Provided material
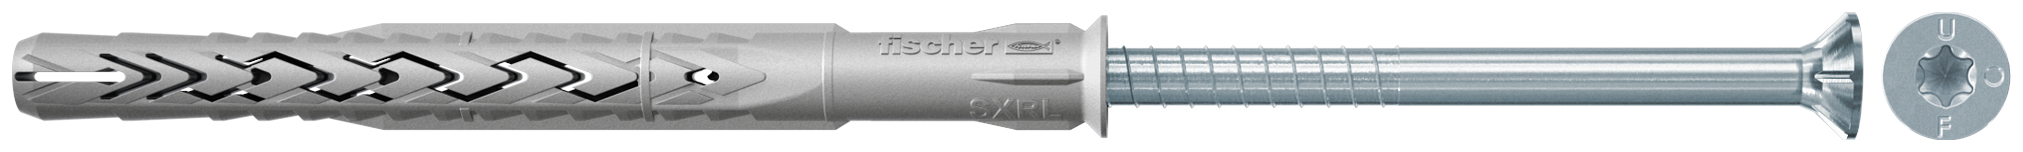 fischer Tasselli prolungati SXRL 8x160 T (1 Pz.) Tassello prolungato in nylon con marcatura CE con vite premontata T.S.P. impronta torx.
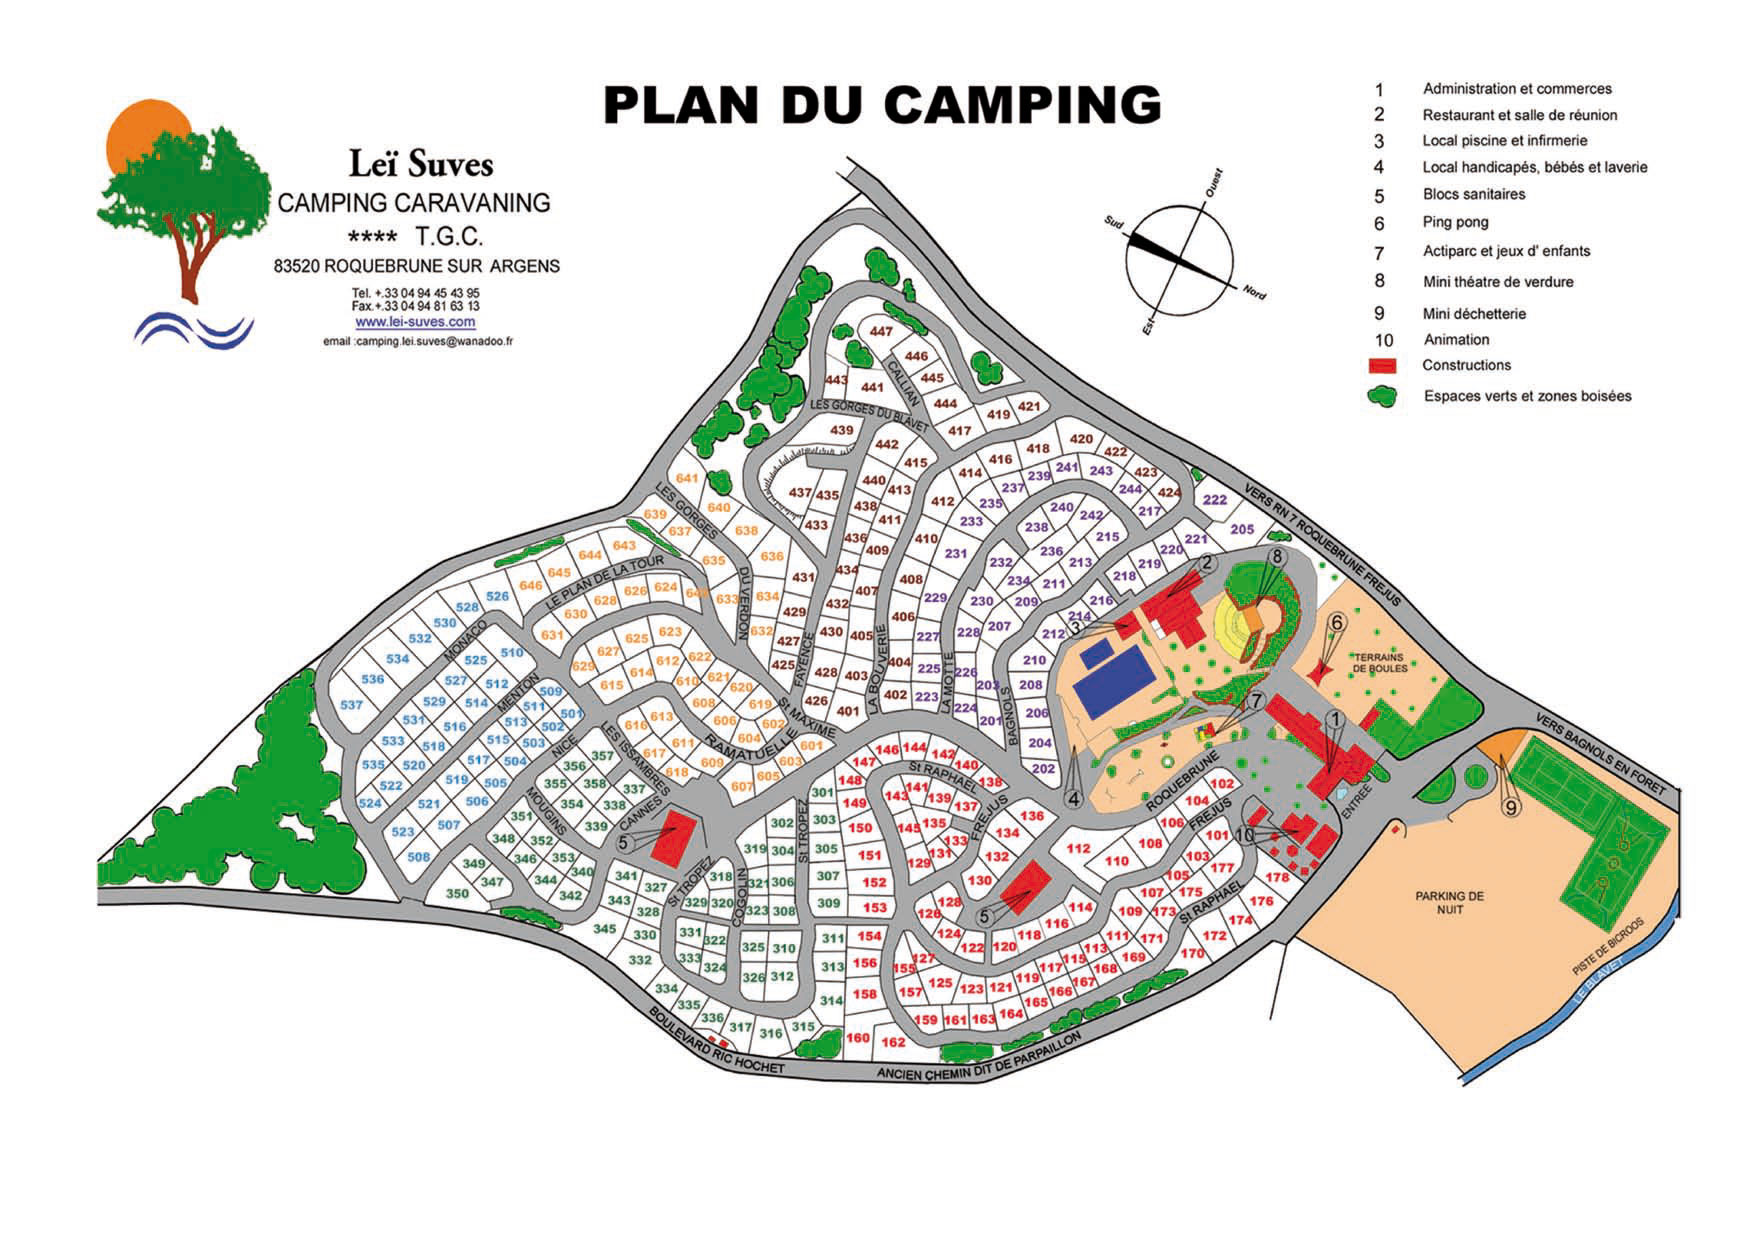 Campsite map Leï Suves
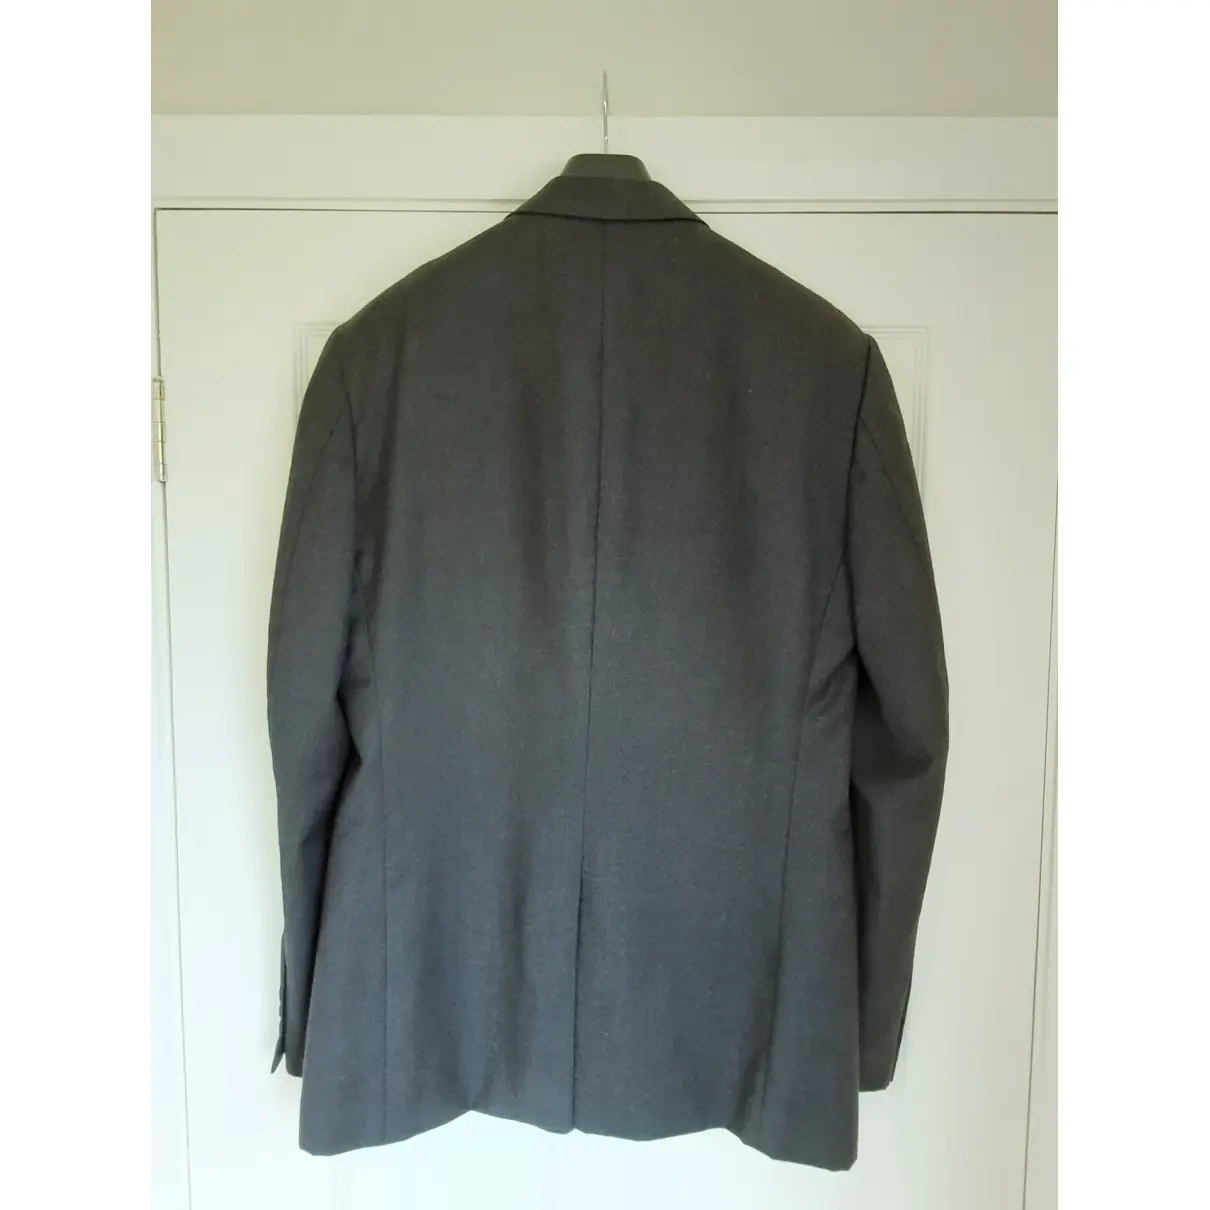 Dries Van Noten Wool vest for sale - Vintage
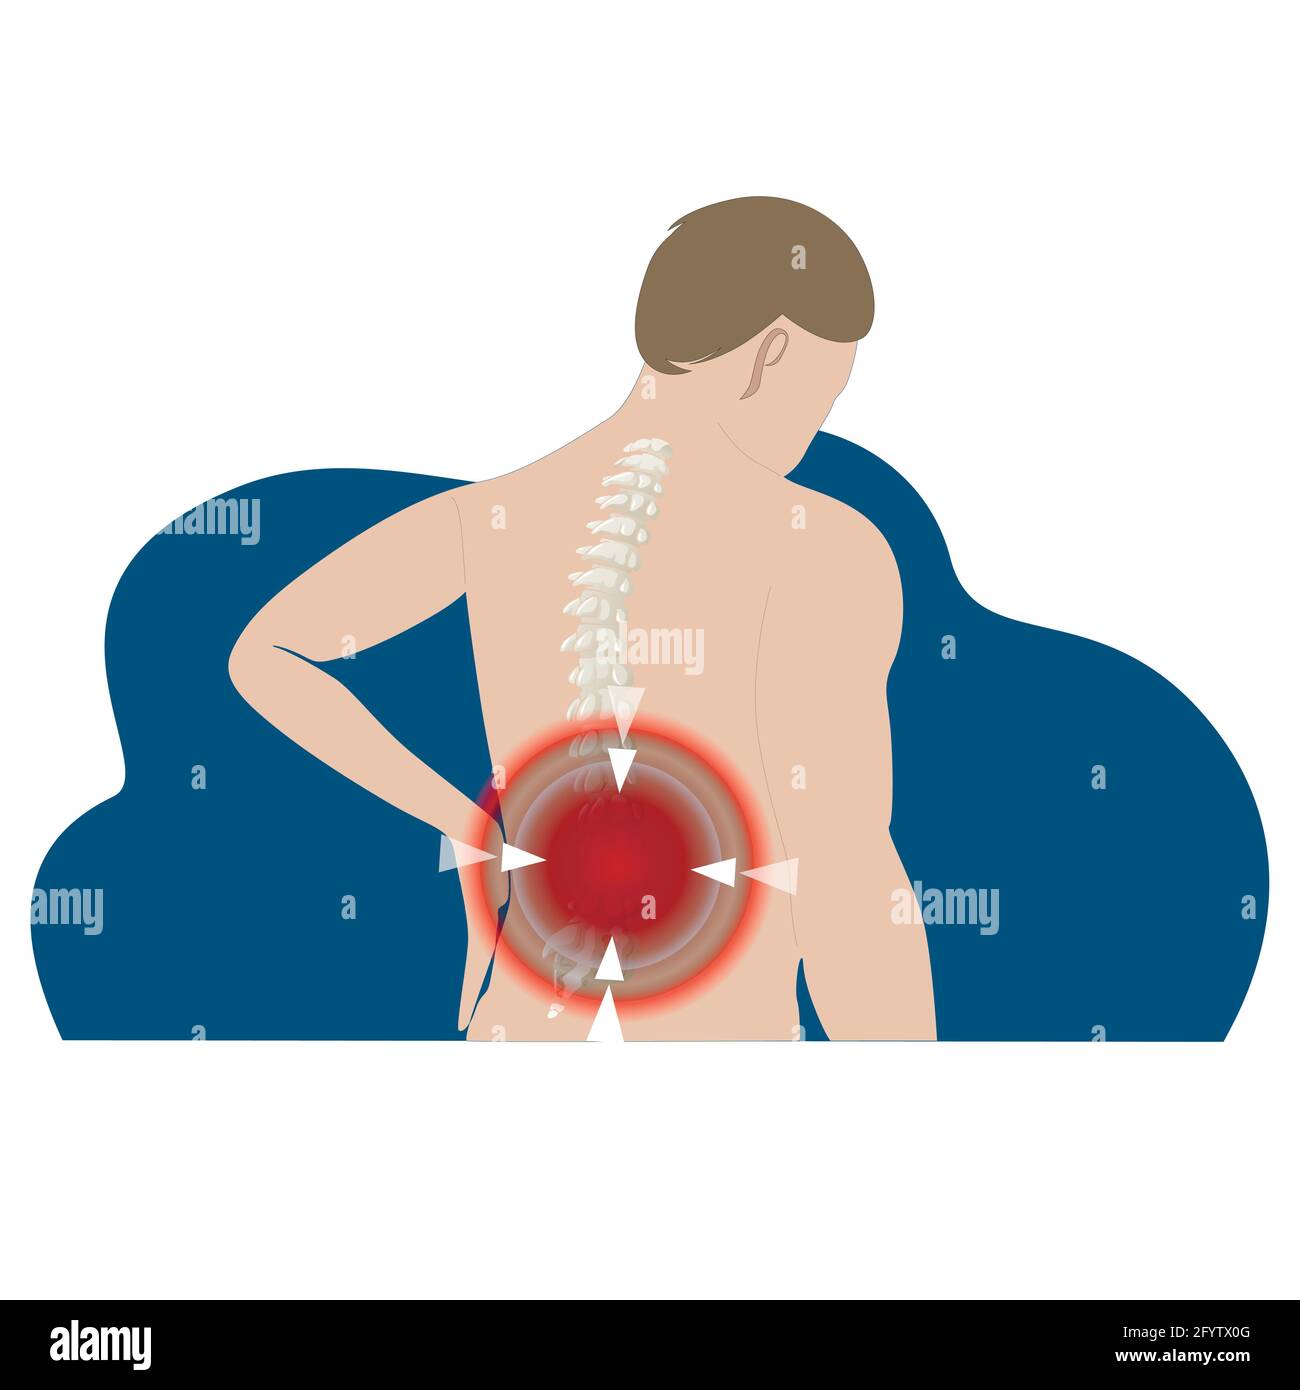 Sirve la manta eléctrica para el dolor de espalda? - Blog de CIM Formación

To do
Any picture in the listing is to be omitted. Return exactly the lines from the one containing "Campsite map Leï Suves" through its last line, both included, and only those.

Expected output
 Campsite map Leï Suves
 Dries Van Noten Wool vest for sale - Vintage
 Sirve la manta eléctrica para el dolor de espalda? - Blog de CIM Formación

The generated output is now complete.